La fiducia – riflessione di don Davide Rota

    Che la fiducia non abbia mai goduto di buona fama, è evidente, se la sapienza popolare ha coniato il detto:Fidarsi è bene; non fidarsi è meglio. Ma che oggi la mancanza di fiducia stia diventando patologica, lo conferma il dilagare delle telecamere e degli infiniti altri mezzi di controllo della realtà, la crescente diffidenza nei confronti dell’altro, il culto ossessivo della privacy, la difesa accanita del proprio spazio vitale…E’ come se la gente non capisse o non volesse più capire più una verità così evidente da essere elementare e cioè che è la fiducia è la condizione per una vita generosa e serena; che senza personale e reciproca fiducia sarebbe impossibile agli uomini di comunicare, collaborare, interagire tra di loro…in una parola di vivere.

    Che è la fiducia (fede) in Dio buono e provvidente la garanzia della sostanziale bontà del mondo: “Dio vide quanto aveva fatto, ed ecco, era cosa molto buona” (Gen 1,31). Che dire “Mi fido di te” significa vedere l’altro come buono, rinunciando a esigere troppe prove o garanzie, accettando il rischio di dirgli, ma anche di sentirsi dire le più belle parole del mondo: “Ti voglio bene, ti amo”. Certo fidarsi non è né facile, né spontaneo, ma difficile e rischioso: esige una buona dose di coraggio cioè il contrario del cinismo intellettuale di W. Faulkner: “Fidati solo dei cattivi. Quelli almeno non cambiano” o dell’ambiguo affetto agli animali “perché loro non ti tradiscono mai!” a cui corrisponde la crescente diffidenza nei confronti degli umani.

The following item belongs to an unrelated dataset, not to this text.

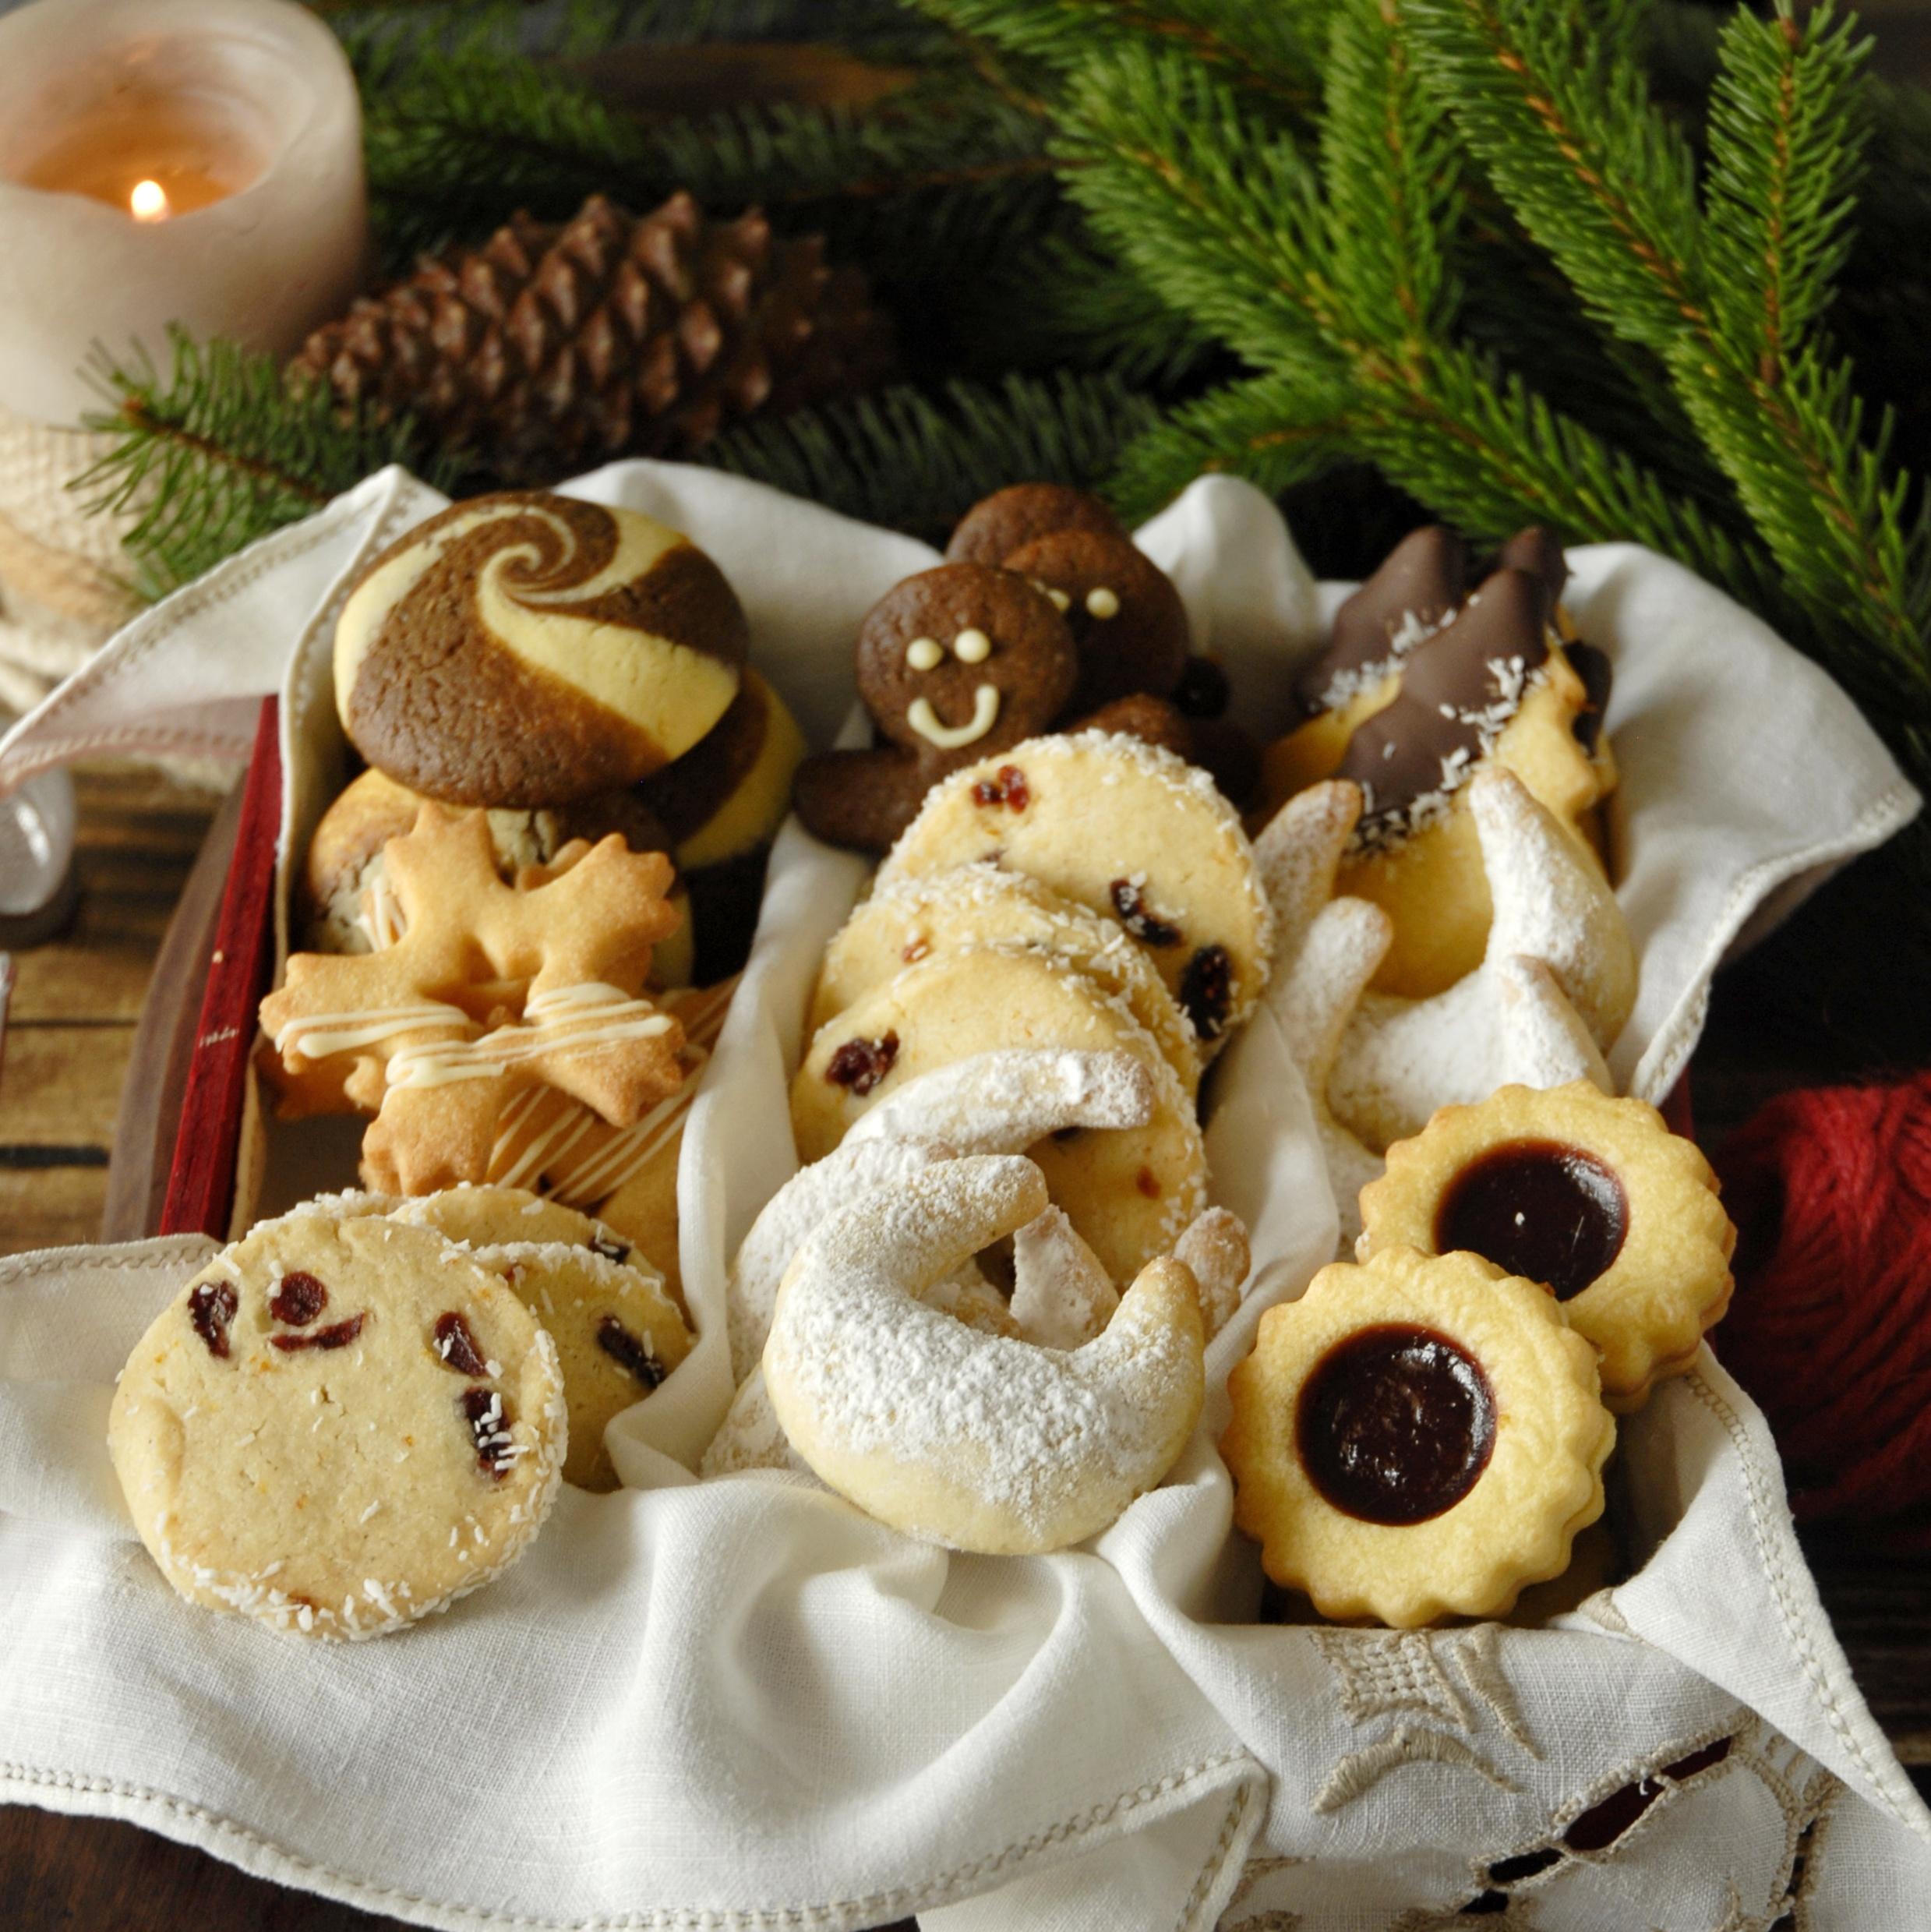 La mia scatola di biscotti di Natale

    Proprio perché è indispensabile come l’aria che respiriamo, la fiducia ha bisogno di qualità: deve essere semplice, ma non ingenua (“siate semplici come colombe, ma prudenti come serpenti” Mt 10,16); amante della verità e misericordiosa (“ciò che volete gli uomini facciano a voi, anche voi fatelo a loro” Lc 6,27). La fiducia esige capacità di discernimento (“Gesù non si fidava di loro perché li conosceva tutti e non aveva bisogno che qualcuno lo informasse sull’uomo” Gv 2,23-25) per offrirla in dono a buoni, giusti e generosi; per sottrarla a malvagi, ipocriti e disonesti; per restituirla a poveri, sofferenti e scoraggiati.

    Essa va rinnovata continuamente, ma soprattutto va costruita su un fondamento solido: ce lo indica Geremia che se da una parte mette in guardia dal fidarsi di sé (“Maledetto l’uomo che confida nell’uomo e pone nella carne il suo sostegno”) dall’altra esorta a riporre la propria fede dell’Unico che ne è degno in modo totale e incondizionato: “Benedetto l’uomo che confida nel Signore. Egli è come un albero piantato lungo l’acqua, verso la corrente stende le radici, non smette di produrre frutti” Ger 17,5ss. Solido fondamento che fa di noi persone fiduciose e fedeli cioè affidabili, capaci di dare e degne di ottenere il dono non solo della fiducia, ma anche delle sue due inseparabili compagne: la speranza e l’amore.